"These two things move together" is where a lot of analysis stops. It's not where a defensible thesis can. A correlation strong enough to backtest can still evaporate in production because something else was driving both sides. The work that matters is ruling that out — and there's a toolkit for it. To show it concretely, we'll point each technique at a question we investigated publicly: why has NBA home-court advantage collapsed from 68% to 55%? The answer turned out to be the three-point revolution — but believing that required proving it, not just plotting it.
1. Control groups
In your backtest: the strongest way to show a signal reflects the effect you claim is to find a comparison group that experienced the same broad conditions but not the specific factor you're testing. If the outcome moves in the exposed group and stays flat in the control, the shared conditions — the market-wide moves, the secular trends — aren't the explanation. Yours is.
Worked proof: the obvious objection to "the three-point shot killed home-court advantage" is that basketball just professionalized — better travel, analytics, officiating — and that would erode home advantage everywhere. So we used the EuroLeague as a control group. Same sport, same era, same improvements in travel and analytics, equally hit by COVID. But its three-point volume barely changed (+5 attempts vs. the NBA's +19.5), and its home advantage barely moved (−0.7pp vs. the NBA's −4.4pp). Same conditions, only one league had the three-point explosion, and only that league lost its home edge.
What this means for your backtest: before attributing returns to your signal, ask what unexposed universe should have moved too if the market — not your factor — were the cause. If it didn't move, you've ruled out the biggest alternative explanation.
2. Natural experiments
In your backtest: you rarely get to run a randomized trial on markets, but the world runs them for you — a rule change, an index reconstitution, a regulatory shift, an exogenous shock nobody in the data chose. Because the change is external to the actors you're studying, the before/after behaves like a controlled experiment, and that's what lets you say "caused," not just "correlated."
Worked proof: from 1994–95 through 1996–97 the NBA shortened the three-point line from 23'9" to 22' — an exogenous rule change nobody chose for our purposes. If the three-point theory were right, this should have spiked three-point volume and dented home advantage, then partly reversed when the line moved back. That's exactly what happened: attempts nearly doubled, home win% fell 2.6pp, and both partly recovered when the line was restored. The forced change produced the predicted effect.
What this means for your backtest: hunt for the exogenous events in your window — a rule change, a venue change, a forced reconstitution — and test whether your signal behaves the way your causal story predicts across them. A signal that survives a natural experiment is in a different class from one that only correlates.
3. Confounder elimination
In your backtest: a confounder is a third variable that drives both your apparent cause and your effect, manufacturing a correlation that isn't causal. The discipline is to enumerate the plausible alternative explanations and knock them down one by one — not to stop at the first relationship that looks strong.
Worked proof: we tested ten hypotheses, not one. Travel distance was ruled out (correlation of −0.01; the decline was uniform across every distance band). Time-zone/jet-lag effects were real per game but flat over time, so they couldn't explain a trend. Pace of play pointed the opposite way — faster play actually increases home advantage. Seasonal fatigue and even weekend-crowd size showed essentially no effect. COVID revealed the crowd's value but didn't cause the decline, which was already underway. Only after the alternatives fell did the three-point explanation stand.
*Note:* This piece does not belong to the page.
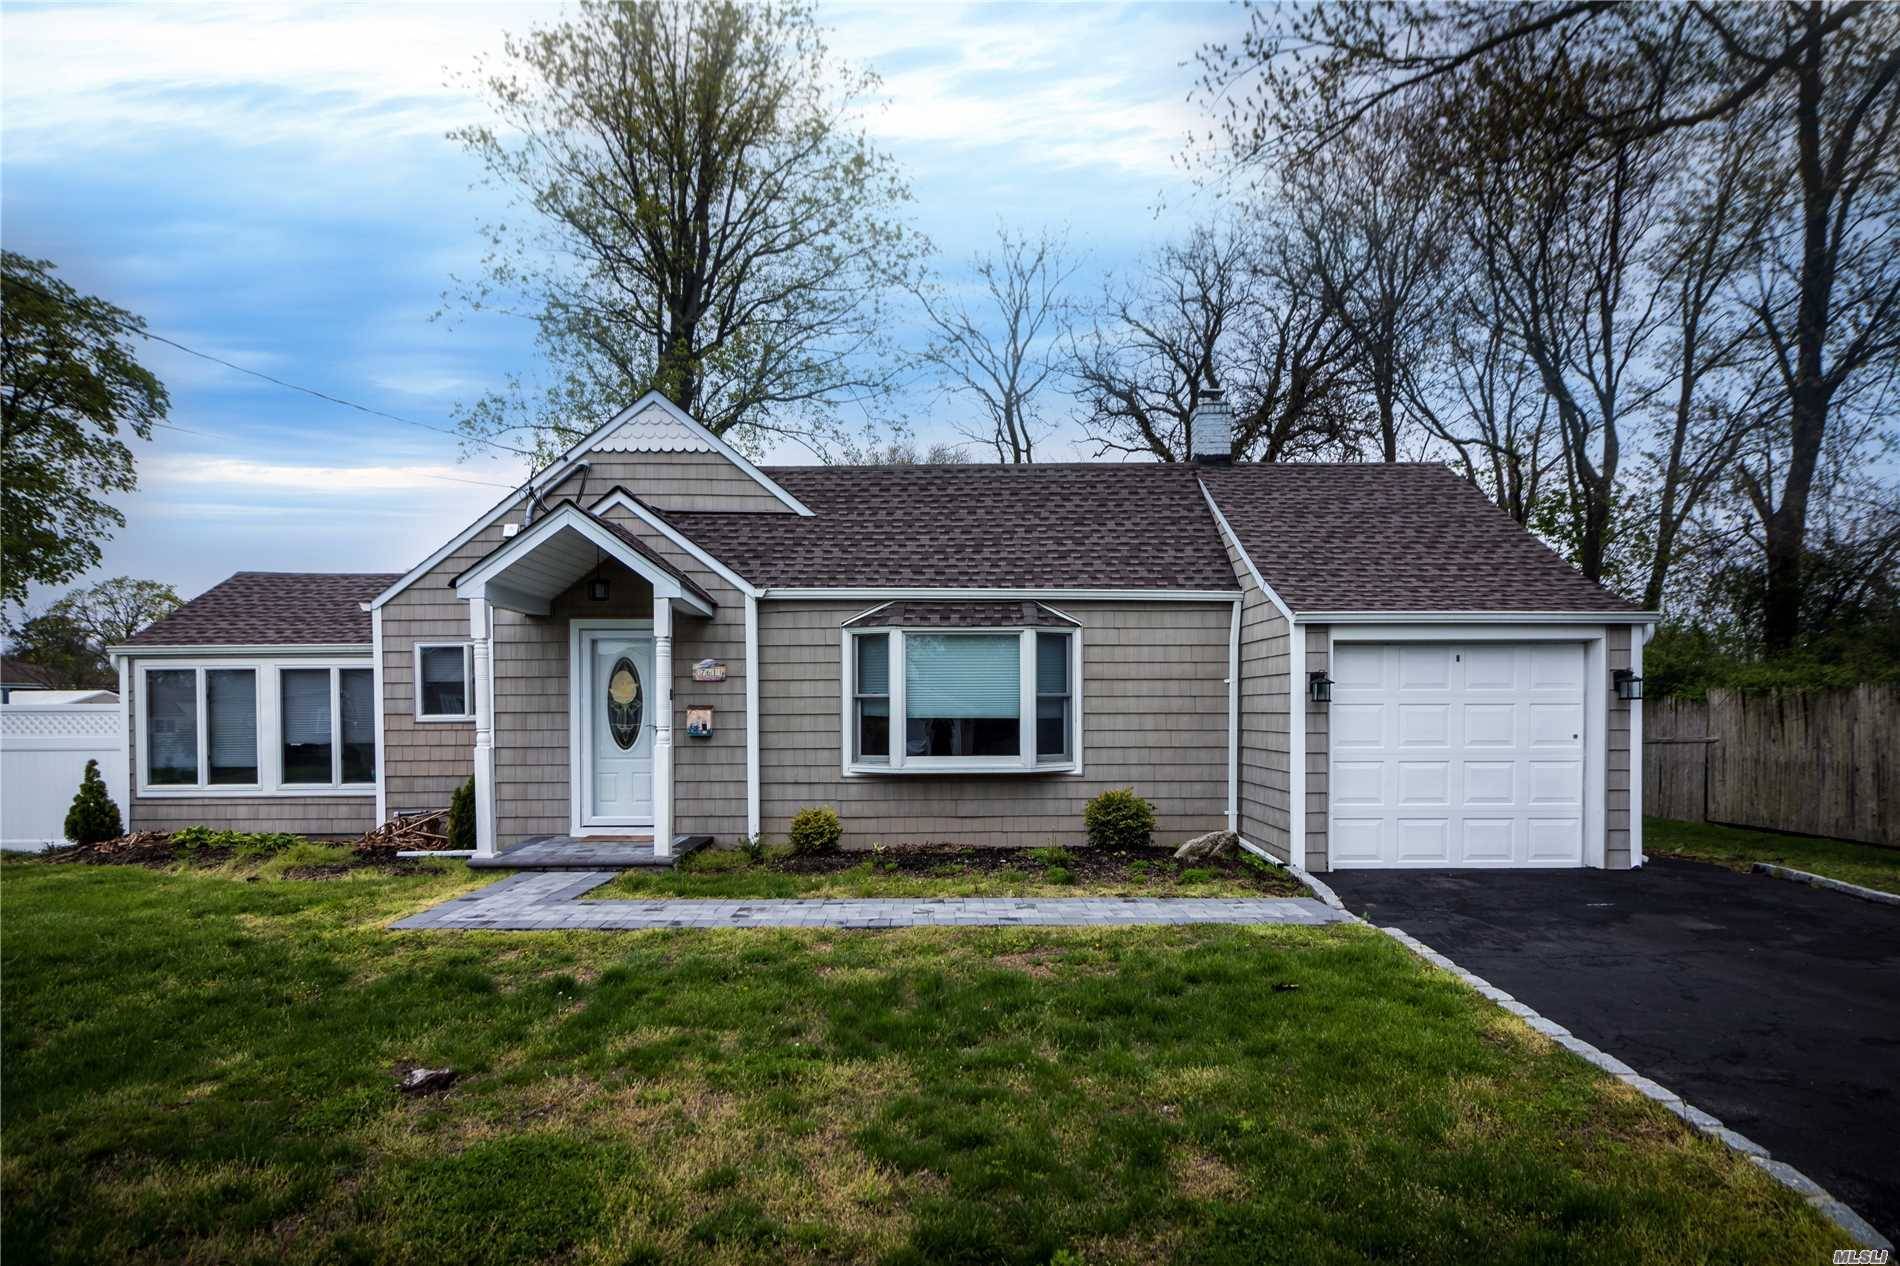 OPEN CONCEPT FLOOR PLAN This South Of Montauk Expanded Ranch Has Been Renovated W New Kitchen W Granite SS Appliances, Living Room W Fireplace, Dining Room, Den, Mstr Suite W ...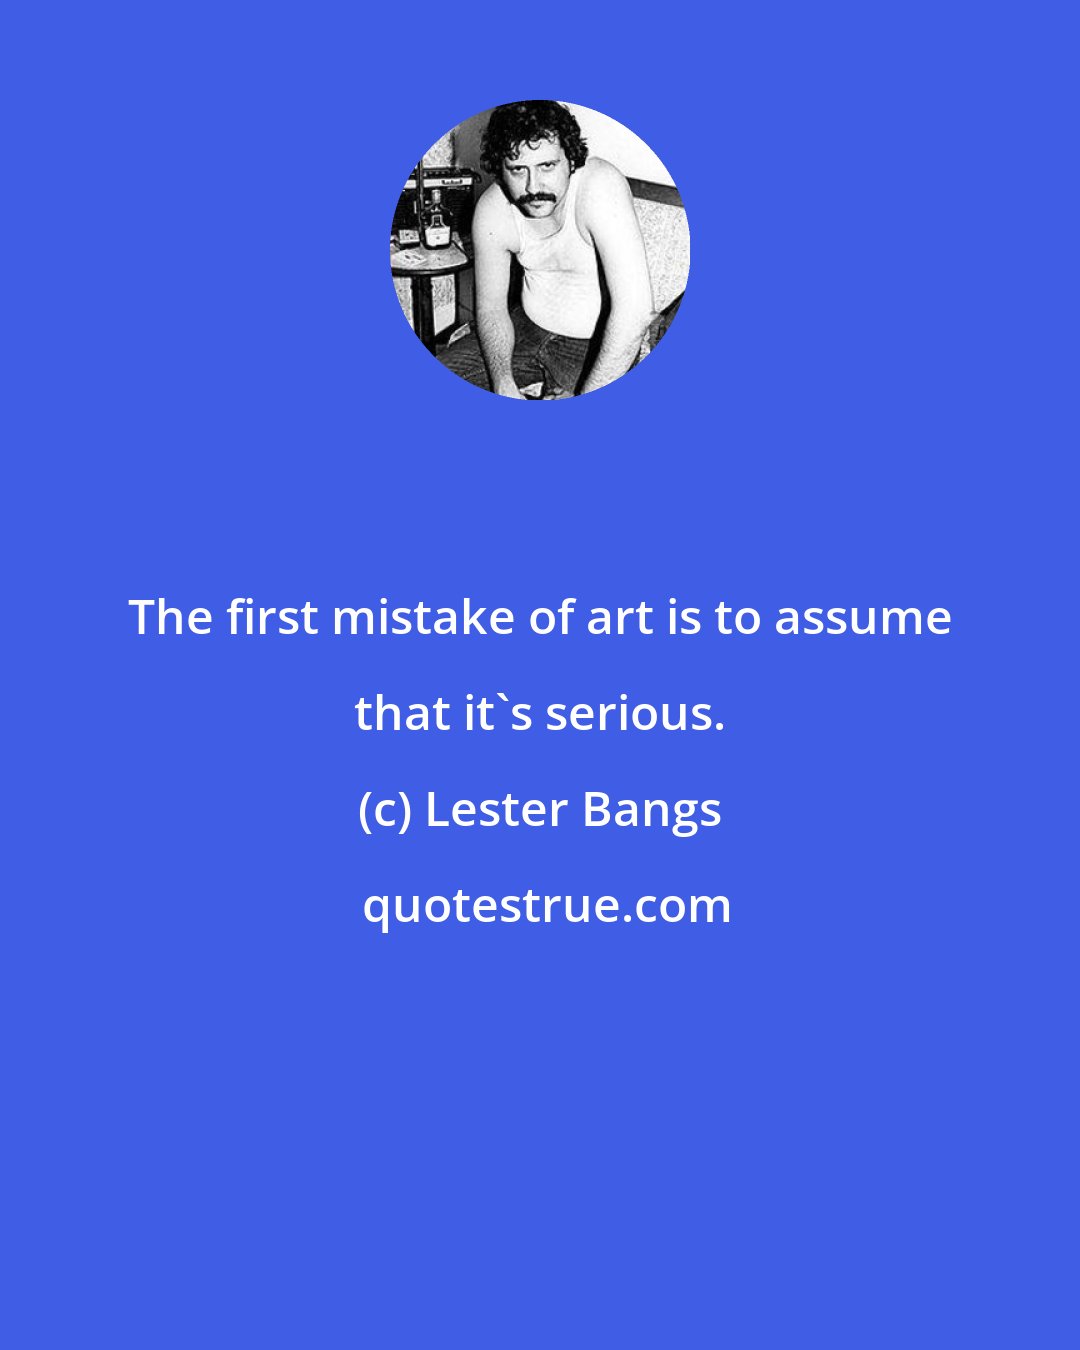 Lester Bangs: The first mistake of art is to assume that it's serious.

What this means for your backtest: write down every alternative driver before you commit capital, and show your work ruling each out. The credibility of a finding is largely the credibility of the confounders you eliminated.
4. The ecological fallacy (levels of analysis)
In your backtest: a relationship that holds at the aggregate level need not hold within any single group — and vice versa. Conflating a cross-sectional pattern with a time-series one is how a backtest produces a signal that looks powerful but doesn't trade, because it was measured at the wrong level.
Worked proof: across eras, three-point volume and home advantage correlate at a striking −0.88. But within any single season, the team-level correlation is near zero (−0.03). That isn't a contradiction — it's a textbook ecological effect. Within a season, the gap between a team taking 35 versus 40 attempts is noise against team quality; across eras, the shift from 2.4 to 37.6 attempts changed the game for everyone at once. Reading only the within-season number would have killed a real finding; reading only the macro number without understanding why would have been luck.
What this means for your backtest: be explicit about the level your signal lives at — security, sector, or regime — and don't assume a cross-sectional edge survives as a time-series one. Many "alpha decay" surprises are levels-of-analysis errors in disguise.
Why this is the work
Anyone can find a correlation. The reason an investment committee can trust a number is the chain of evidence behind it — a control group, a natural experiment, the confounders eliminated, the level of analysis stated. That discipline is what separates an analysis worth acting on from a chart. It's the same standard we hold our bespoke data work and technology due diligence to.
The full analysis, code, and datasets behind the worked examples are public in the project repository — reproducibility is part of the standard.